▸ **WORK ITEM**:
Gather every line below where "para" appears.

Extracted data entries:

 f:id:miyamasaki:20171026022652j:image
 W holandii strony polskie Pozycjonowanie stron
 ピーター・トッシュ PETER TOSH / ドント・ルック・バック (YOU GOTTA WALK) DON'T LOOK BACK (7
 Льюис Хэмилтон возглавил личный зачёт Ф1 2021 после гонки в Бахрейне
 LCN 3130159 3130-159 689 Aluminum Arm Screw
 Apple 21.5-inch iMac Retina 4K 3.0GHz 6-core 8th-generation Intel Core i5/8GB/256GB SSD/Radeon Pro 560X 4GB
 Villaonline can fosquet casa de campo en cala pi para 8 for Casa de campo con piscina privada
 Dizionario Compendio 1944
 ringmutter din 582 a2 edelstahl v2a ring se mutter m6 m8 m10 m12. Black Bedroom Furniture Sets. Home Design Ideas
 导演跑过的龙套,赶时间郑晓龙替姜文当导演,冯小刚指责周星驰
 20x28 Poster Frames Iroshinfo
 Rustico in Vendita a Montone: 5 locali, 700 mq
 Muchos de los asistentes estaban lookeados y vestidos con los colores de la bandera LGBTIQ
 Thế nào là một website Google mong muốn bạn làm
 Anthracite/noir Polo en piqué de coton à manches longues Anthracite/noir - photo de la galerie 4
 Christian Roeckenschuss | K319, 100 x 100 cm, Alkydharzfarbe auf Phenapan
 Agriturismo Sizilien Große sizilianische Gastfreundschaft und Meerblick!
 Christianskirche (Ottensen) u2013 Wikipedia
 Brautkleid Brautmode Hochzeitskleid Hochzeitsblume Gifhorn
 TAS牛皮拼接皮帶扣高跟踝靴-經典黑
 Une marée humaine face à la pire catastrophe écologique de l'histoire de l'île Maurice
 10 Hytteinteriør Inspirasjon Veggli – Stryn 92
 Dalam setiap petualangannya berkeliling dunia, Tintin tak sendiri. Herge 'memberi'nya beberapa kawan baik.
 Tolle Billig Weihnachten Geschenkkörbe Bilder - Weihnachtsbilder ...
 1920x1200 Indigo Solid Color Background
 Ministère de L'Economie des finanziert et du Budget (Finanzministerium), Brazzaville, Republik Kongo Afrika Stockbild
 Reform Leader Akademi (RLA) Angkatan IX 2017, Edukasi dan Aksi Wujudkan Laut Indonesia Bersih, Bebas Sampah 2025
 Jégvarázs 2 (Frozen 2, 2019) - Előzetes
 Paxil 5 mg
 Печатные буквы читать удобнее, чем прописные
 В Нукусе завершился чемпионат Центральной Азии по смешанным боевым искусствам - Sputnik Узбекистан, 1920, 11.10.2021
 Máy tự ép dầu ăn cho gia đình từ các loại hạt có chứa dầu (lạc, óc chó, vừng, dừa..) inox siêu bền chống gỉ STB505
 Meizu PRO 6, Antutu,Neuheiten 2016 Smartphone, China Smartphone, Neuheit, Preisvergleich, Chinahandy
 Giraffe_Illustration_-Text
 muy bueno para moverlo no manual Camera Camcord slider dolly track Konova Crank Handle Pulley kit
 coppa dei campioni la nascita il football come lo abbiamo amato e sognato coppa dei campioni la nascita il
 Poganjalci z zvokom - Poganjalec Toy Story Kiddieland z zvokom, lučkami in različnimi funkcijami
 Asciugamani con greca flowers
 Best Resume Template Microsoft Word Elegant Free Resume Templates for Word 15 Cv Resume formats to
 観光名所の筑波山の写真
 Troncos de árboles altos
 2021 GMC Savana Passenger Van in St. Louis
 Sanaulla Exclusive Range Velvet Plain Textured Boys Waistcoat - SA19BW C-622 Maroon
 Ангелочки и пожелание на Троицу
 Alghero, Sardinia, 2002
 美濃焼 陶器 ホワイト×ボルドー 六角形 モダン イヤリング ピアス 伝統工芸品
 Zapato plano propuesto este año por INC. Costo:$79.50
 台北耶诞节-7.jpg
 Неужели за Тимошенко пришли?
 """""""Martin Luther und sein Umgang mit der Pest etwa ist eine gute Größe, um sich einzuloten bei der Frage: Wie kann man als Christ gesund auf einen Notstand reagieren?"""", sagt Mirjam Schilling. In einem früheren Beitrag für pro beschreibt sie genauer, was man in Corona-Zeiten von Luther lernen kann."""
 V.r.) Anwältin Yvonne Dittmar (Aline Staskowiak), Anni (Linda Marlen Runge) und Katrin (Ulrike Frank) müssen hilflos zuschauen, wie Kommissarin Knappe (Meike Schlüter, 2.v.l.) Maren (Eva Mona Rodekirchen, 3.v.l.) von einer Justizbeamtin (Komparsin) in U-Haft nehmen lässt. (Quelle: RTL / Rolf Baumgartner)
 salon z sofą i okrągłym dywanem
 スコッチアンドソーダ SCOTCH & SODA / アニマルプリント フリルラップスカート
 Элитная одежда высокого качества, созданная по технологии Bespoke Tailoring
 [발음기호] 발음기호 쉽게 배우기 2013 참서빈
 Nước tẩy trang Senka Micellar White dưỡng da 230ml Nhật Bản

▸ **REPLY TO THE EXERCISE**:
 Villaonline can fosquet casa de campo en cala pi para 8 for Casa de campo con piscina privada
 muy bueno para moverlo no manual Camera Camcord slider dolly track Konova Crank Handle Pulley kit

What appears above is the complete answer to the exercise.